All About Japan

The Sushi Restaurant Run by Women

| Sushi , Akihabara

How many times has a woman made sushi for you at a sushi bar in Japan? If you answered "never," you’re certainly not alone, as the world of sushi is one that’s traditionally been dominated by men.

While a number of female sushi chefs are working hard to change societal norms and stereotypes, there’s one special restaurant in Akihabara that’s taking things even further with a sushi bar staffed entirely by women. From purchasing ingredients to preparing fish and making sushi, these ladies are looking to challenge the male-dominated profession, and they’re doing it all while dressed in traditional Japanese clothing.

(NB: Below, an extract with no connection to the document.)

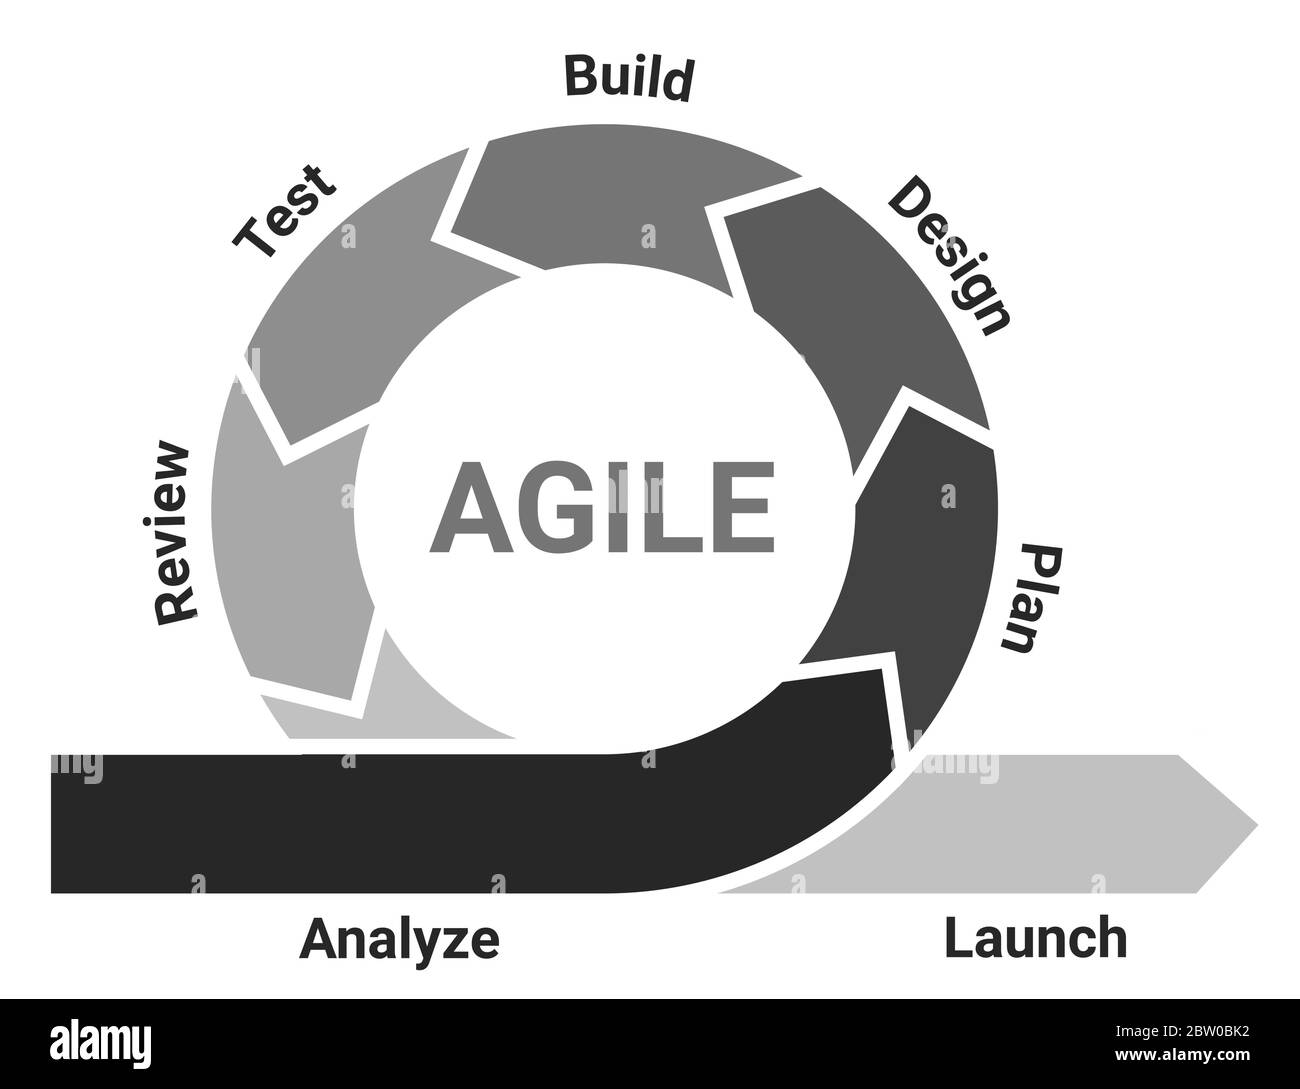 Agile methodology life cycle diagram scheme infographics with analysis, planning, design, development, testing, review and launch in greyscale. Stock Vector

Nadeshico Sushi might look like a traditional sushi bar, but there’s one thing that makes it very different: All its employees are women!

That may sound like no big deal to many of us, but in Japan, the majority of sushi restaurants are run by male staff, and there’s a general view that sushi made by women is somehow inferior to sushi made by men. The reasons given for this range from the belief that women’s hands are warmer, which interferes with the temperature of the ingredients, to the fact that women wear makeup, which supposedly interferes with their sense of smell. Some even blame menstruation, which is the reason cited by Kazuyoshi Ono, son of Jiro Ono, owner of world-renowned sushi restaurant Sukiyabashi Jiro. Kazuyoshi has been quoted as saying that women can’t be sushi chefs because their taste becomes imbalanced due to their menstrual cycle.

Thankfully, there are a number of female sushi chefs working to change the male-dominated profession and challenge the myths surrounding women in the world of sushi. At Nadeshico Sushi, the ladies behind the counter might not have the years of training required to be considered professional sushi chefs, but they’ve all completed courses at Tokyo Sushi Academy, where they train in knife maintenance, rice preparation, and the making of sushi from a wide variety of seafood.

By employing all-female staff, Nadeshico Sushi aims to support the promotion of women in a profession traditionally dominated by men. And they’re doing it all in cute, traditional Japanese outfits and kimono—true to the concept of Yamato Nadeshiko, a term used to describe the idealized Japanese woman, from which the restaurant takes its name.

They might dress like shy, polite women from the days of yore, but the message of equality the girls are promoting is one that’s currently at the forefront for even the Abe administration, as the Japanese Prime Minister continues to work toward “a society in which all women shine.”